### WHAT THE TASK ASKS
Please return only the lines from the one holding "Cos \N Multicolour" through the one holding "Rodrigo Moya - La", exactly as they appear in the records below, both ends included.

Stored data entries:
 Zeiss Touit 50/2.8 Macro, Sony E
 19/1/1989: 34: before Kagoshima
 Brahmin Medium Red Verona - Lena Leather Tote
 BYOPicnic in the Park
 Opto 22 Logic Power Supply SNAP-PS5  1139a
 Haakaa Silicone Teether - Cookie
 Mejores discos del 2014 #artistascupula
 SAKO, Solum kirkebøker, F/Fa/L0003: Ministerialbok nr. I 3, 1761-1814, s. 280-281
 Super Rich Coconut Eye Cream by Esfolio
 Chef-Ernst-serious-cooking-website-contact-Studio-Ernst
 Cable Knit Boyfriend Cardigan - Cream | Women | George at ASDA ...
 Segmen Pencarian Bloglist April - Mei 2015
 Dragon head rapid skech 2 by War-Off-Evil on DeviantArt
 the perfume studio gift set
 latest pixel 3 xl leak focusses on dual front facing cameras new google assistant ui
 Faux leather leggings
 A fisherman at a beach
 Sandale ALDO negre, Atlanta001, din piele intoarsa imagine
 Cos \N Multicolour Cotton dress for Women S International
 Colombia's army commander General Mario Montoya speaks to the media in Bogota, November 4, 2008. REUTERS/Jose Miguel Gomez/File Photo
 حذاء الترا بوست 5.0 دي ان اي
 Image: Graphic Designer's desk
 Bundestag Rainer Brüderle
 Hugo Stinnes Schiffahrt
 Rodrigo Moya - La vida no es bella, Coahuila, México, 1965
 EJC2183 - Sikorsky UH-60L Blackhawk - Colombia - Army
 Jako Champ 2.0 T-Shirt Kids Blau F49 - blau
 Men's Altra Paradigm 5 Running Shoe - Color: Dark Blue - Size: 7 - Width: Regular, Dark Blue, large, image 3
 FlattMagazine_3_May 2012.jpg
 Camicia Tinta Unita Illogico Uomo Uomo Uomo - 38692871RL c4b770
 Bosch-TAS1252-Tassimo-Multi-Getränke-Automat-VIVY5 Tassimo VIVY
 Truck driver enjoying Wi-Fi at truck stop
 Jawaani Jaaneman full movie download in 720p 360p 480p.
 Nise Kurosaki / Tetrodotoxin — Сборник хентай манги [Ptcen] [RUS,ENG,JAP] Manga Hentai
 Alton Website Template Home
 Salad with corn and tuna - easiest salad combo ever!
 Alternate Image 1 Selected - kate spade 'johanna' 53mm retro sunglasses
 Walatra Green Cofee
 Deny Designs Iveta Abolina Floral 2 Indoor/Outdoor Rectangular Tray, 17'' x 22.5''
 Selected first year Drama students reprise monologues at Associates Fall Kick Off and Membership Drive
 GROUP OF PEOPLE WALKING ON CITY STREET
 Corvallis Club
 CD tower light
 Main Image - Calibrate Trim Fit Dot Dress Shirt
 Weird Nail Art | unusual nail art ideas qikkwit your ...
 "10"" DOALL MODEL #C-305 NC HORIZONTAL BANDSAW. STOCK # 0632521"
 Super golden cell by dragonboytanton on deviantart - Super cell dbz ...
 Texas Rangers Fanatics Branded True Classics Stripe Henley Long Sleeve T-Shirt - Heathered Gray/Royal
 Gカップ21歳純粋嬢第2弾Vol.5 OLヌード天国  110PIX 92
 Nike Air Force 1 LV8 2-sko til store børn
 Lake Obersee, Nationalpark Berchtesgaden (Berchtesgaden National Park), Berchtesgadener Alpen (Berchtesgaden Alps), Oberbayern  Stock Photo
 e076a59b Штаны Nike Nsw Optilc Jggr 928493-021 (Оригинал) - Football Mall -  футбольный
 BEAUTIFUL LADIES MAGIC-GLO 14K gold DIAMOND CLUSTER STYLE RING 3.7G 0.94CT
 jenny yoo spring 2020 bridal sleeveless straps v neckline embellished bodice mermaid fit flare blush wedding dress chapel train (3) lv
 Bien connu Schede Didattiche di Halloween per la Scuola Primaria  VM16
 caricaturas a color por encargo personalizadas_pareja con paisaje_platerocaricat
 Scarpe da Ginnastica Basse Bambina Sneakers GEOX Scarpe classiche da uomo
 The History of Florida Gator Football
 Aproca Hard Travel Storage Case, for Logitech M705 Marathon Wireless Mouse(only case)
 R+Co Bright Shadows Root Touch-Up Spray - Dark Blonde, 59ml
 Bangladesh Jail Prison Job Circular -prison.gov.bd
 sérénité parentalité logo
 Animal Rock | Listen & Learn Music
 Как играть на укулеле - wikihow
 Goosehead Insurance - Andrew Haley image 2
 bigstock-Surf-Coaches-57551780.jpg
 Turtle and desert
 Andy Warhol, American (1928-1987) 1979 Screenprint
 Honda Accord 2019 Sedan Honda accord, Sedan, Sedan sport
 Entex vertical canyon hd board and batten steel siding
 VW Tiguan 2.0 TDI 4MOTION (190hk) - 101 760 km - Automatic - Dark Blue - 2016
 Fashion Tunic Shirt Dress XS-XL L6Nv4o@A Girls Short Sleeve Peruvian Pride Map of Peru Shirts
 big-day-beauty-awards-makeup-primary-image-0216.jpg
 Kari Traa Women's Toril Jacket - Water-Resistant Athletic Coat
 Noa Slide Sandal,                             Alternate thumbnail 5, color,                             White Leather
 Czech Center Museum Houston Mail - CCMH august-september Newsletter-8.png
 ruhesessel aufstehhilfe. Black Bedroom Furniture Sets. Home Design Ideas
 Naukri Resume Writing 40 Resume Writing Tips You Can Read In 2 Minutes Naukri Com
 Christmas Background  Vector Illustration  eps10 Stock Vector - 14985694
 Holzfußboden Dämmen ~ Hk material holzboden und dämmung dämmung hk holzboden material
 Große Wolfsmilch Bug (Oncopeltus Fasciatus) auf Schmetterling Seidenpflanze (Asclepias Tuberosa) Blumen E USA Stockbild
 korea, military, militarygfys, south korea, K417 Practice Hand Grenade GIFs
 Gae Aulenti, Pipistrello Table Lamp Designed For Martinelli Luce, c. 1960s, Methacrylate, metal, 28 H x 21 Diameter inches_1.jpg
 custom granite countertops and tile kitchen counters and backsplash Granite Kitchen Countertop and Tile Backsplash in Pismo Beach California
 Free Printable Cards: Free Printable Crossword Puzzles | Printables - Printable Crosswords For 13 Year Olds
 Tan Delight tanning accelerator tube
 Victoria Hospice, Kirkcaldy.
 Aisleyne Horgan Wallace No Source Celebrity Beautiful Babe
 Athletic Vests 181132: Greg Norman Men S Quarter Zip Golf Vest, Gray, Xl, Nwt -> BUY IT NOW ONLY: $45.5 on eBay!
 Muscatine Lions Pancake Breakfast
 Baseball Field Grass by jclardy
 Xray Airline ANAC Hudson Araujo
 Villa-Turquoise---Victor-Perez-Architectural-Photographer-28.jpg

### EXERCISE OUTPUT
 Cos \N Multicolour Cotton dress for Women S International
 Colombia's army commander General Mario Montoya speaks to the media in Bogota, November 4, 2008. REUTERS/Jose Miguel Gomez/File Photo
 حذاء الترا بوست 5.0 دي ان اي
 Image: Graphic Designer's desk
 Bundestag Rainer Brüderle
 Hugo Stinnes Schiffahrt
 Rodrigo Moya - La vida no es bella, Coahuila, México, 1965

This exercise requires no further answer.